_TASK:_ Every line of the data below must be output exactly, with images left out.

_DATA BELOW:_
....................

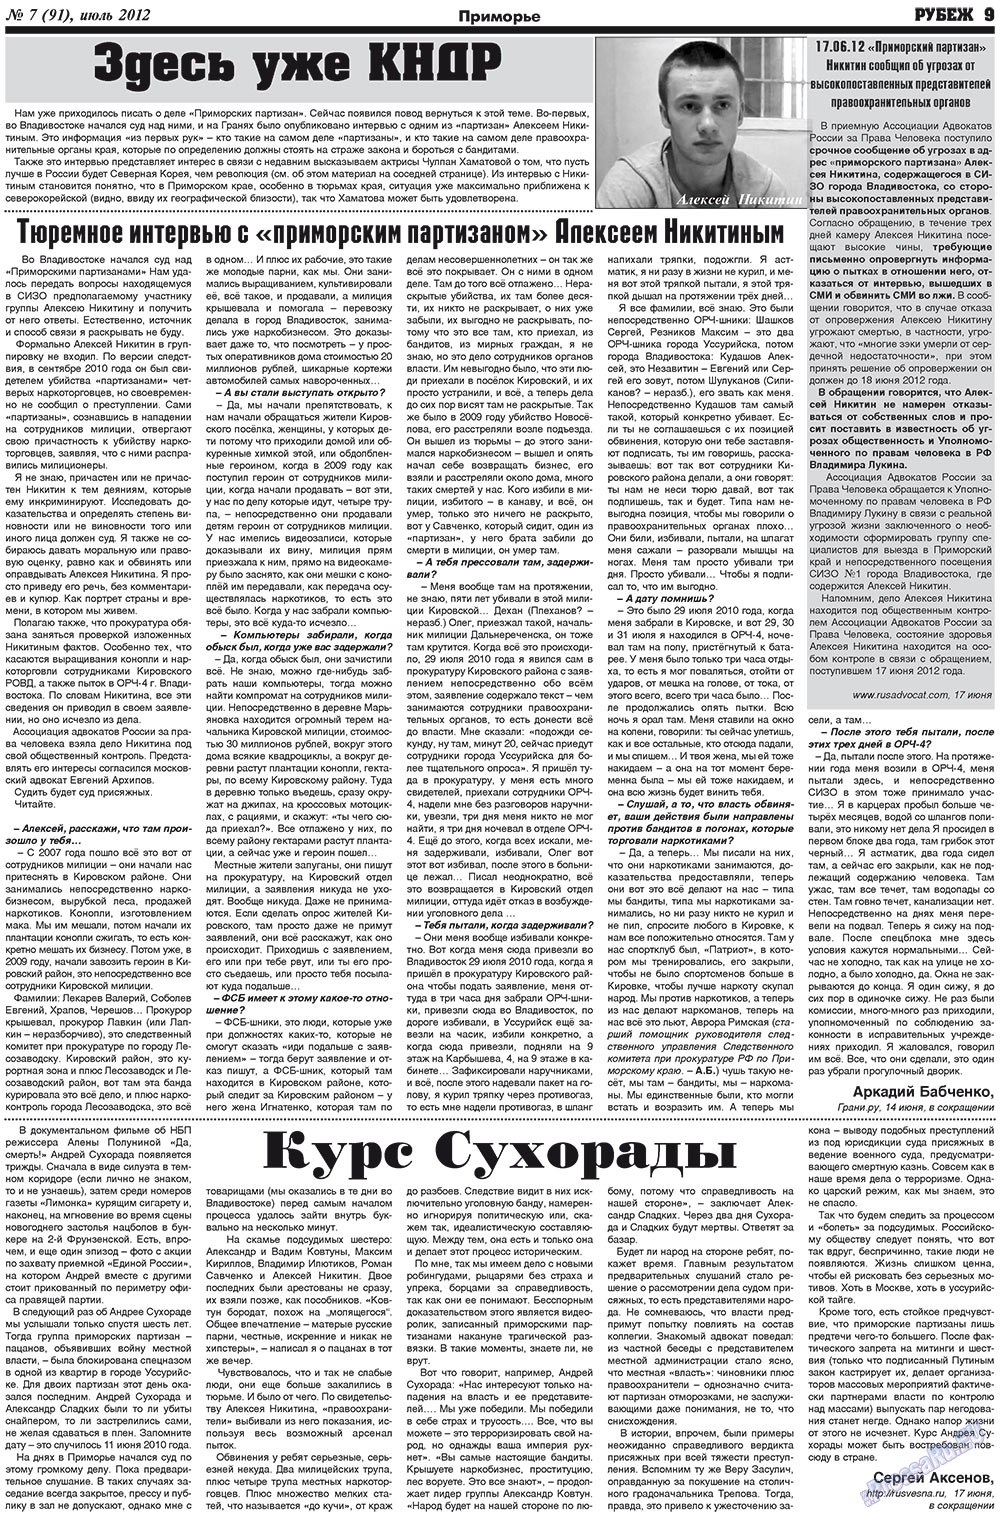 Рубеж (газета). 2012 год, номер 7, стр. 9
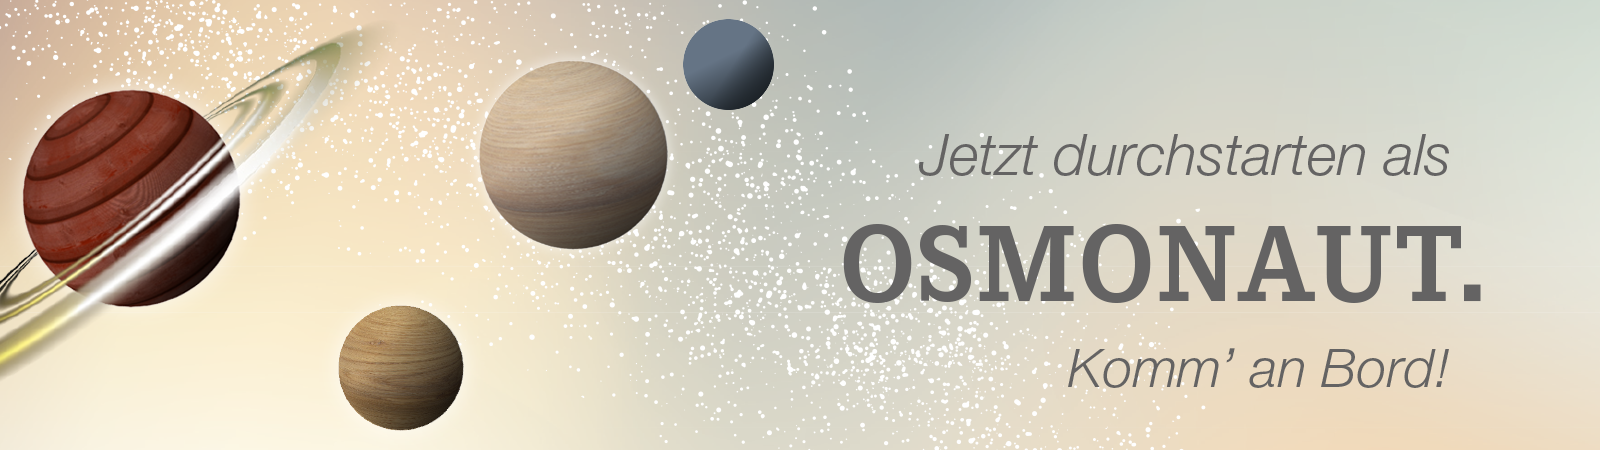 Werde jetzt Osmonaut bei Osmo und gestalte dir deine Zukunft als Lacklaborant w/m/d
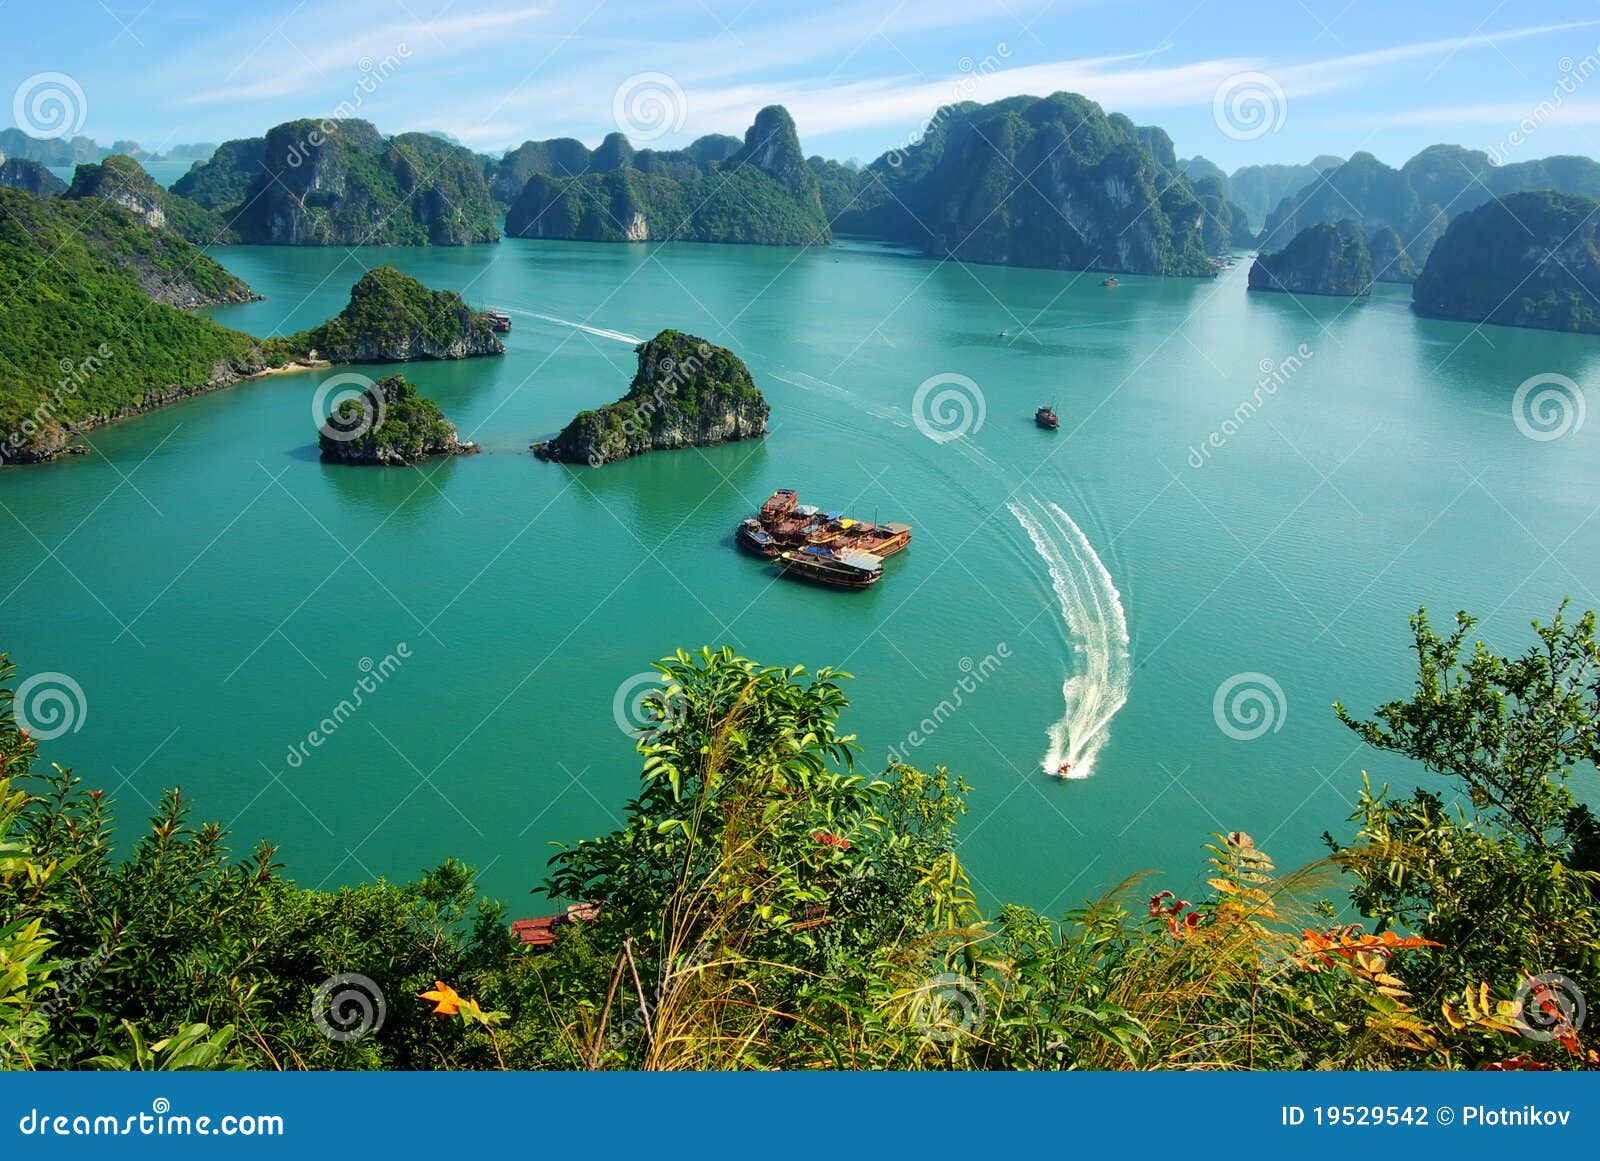 picturesque sea landscape. ha long bay, vietnam

....................

_WRITTEN RESPONSE:_
 Рубеж (газета). 2012 год, номер 7, стр. 9
 Werde jetzt Osmonaut bei Osmo und gestalte dir deine Zukunft als Lacklaborant w/m/d
 picturesque sea landscape. ha long bay, vietnam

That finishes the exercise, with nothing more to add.